This method **removes punctuations, emails, URLs, stop words and lemmatizes the Tweets** in the dataset

In [0]:
def cleanTweets(df):
	# Convert to list
	df['Tweets'] = df.Tweets.values.tolist()

	# Remove Emails
	df['Tweets'] = [re.sub('\S*@\S*\s?', '', sent) for sent in df['Tweets']]
	# Remove new line characters
	df['Tweets'] = [re.sub('\s+', ' ', sent) for sent in df['Tweets']]
	# Remove Punctuations
	df['Tweets'] = df.Tweets.apply(remove_punctuation)
	# Remove distracting single quotes
	df['Tweets'] = [re.sub("\'", "", sent) for sent in df['Tweets']]
	# Remove consecutive characters
	df['Tweets'] = np.vectorize(remove_pattern)(df['Tweets'], "@[\w]*")

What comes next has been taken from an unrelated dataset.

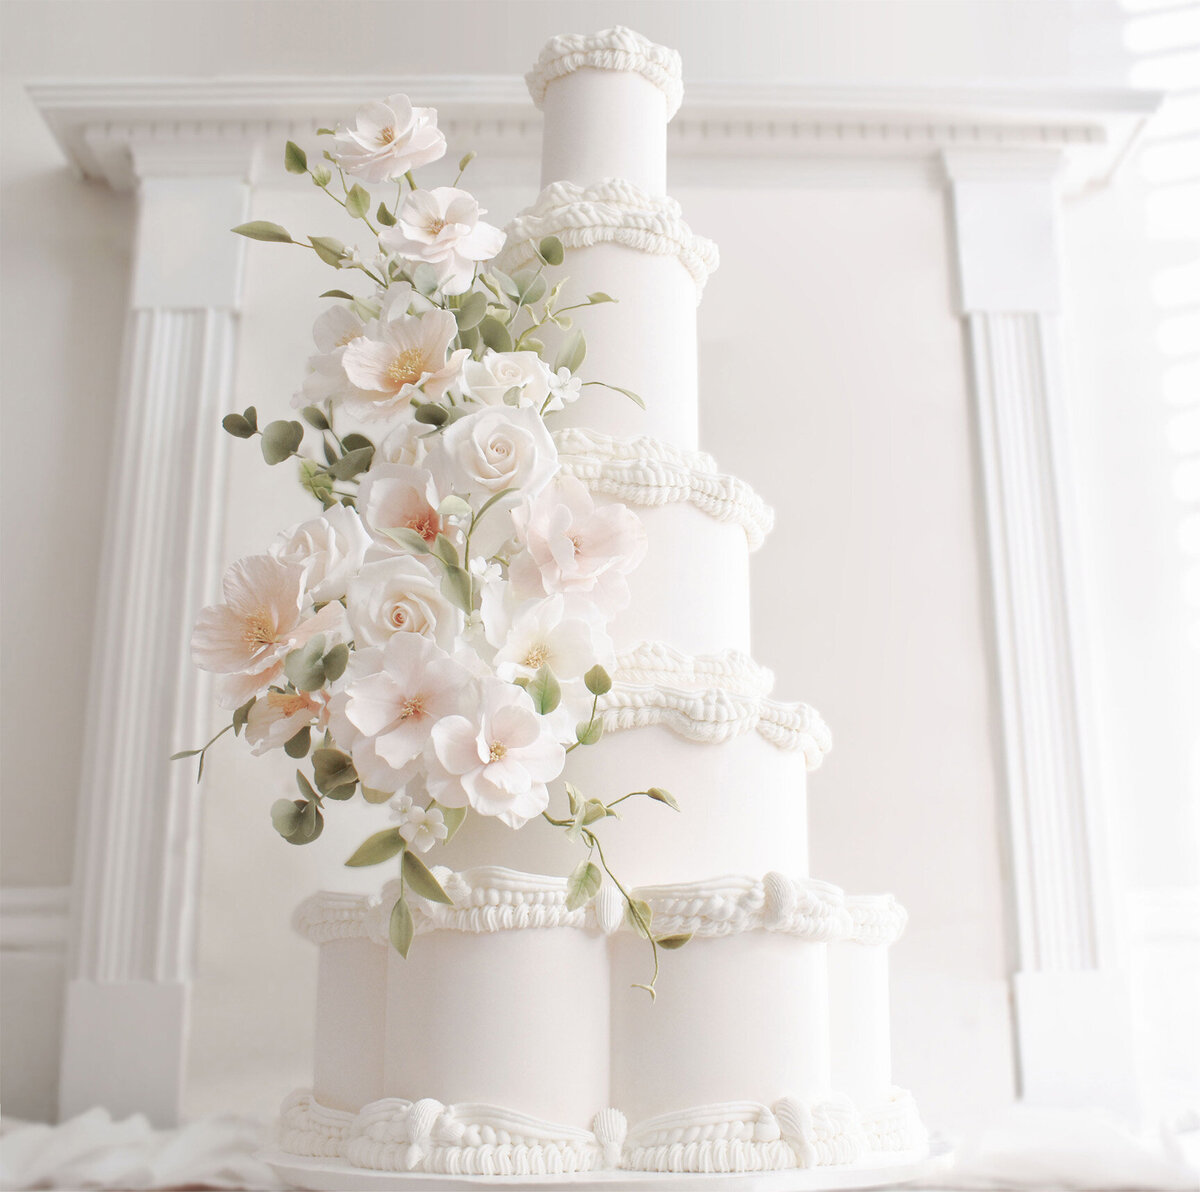 Grand white wedding cake with elegant hand piping and sugar flower cascade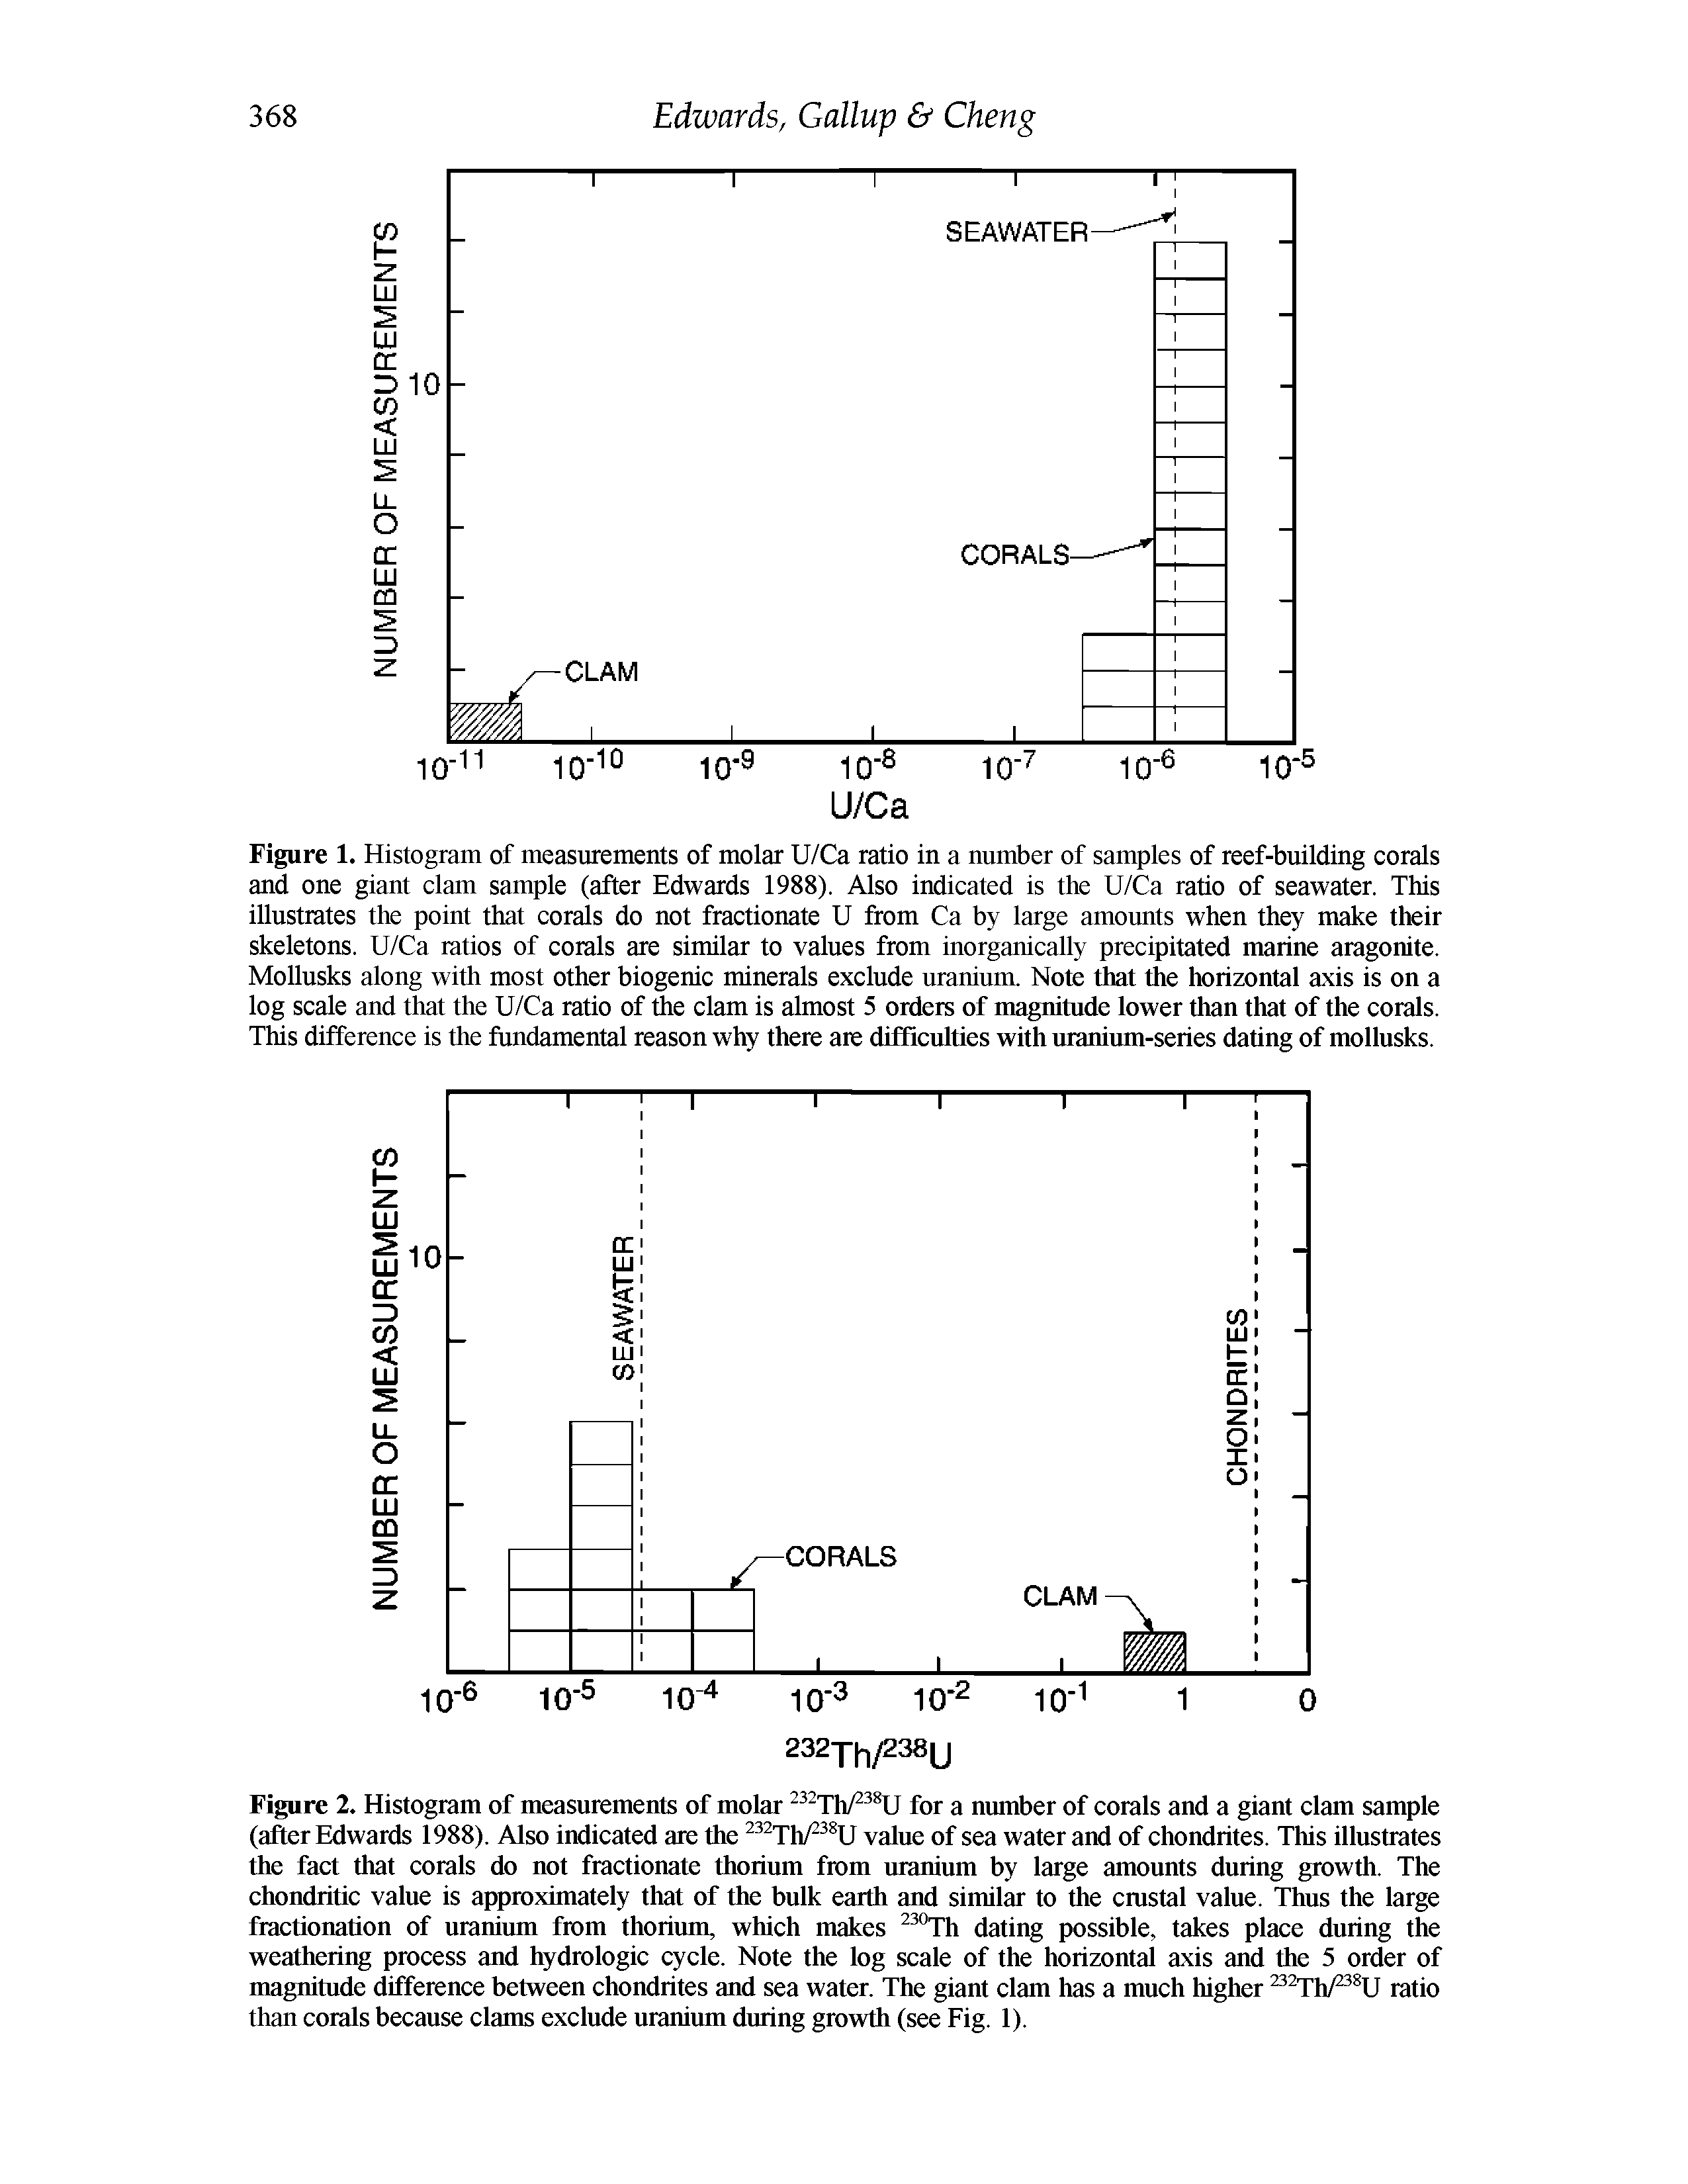 Figure 1. Histogram of measurements of molar U/Ca ratio in a number of samples of reef-building corals and one giant clam sample (after Edwards 1988). Also indicated is the U/Ca ratio of seawater. This illustrates the point that corals do not fractionate U from Ca by large amounts when they make their skeletons. U/Ca ratios of corals are similar to values from inorganically precipitated marine aragonite. Mollusks along with most other biogenic minerals exclude uranium. Note that the horizontal axis is on a log scale and that the U/Ca ratio of the clam is almost 5 orders of magnitude lower than that of the corals. This difference is the fundamental reason why there are difficulties with uranium-series dating of mollusks.

	df['Tweets'] = list(sent_to_words(df['Tweets']))
	df['Tweets'] = remove_stopwords(df['Tweets'])

	# Initialize spacy 'en' model
	df['Tweets'] = lemmatization(df['Tweets'], allowed_postags=['NOUN','ADJ','VERB','ADV'])

	# remove the stopwords again after lemmatizing the text
	df['Tweets'] = remove_stopwords(df['Tweets'])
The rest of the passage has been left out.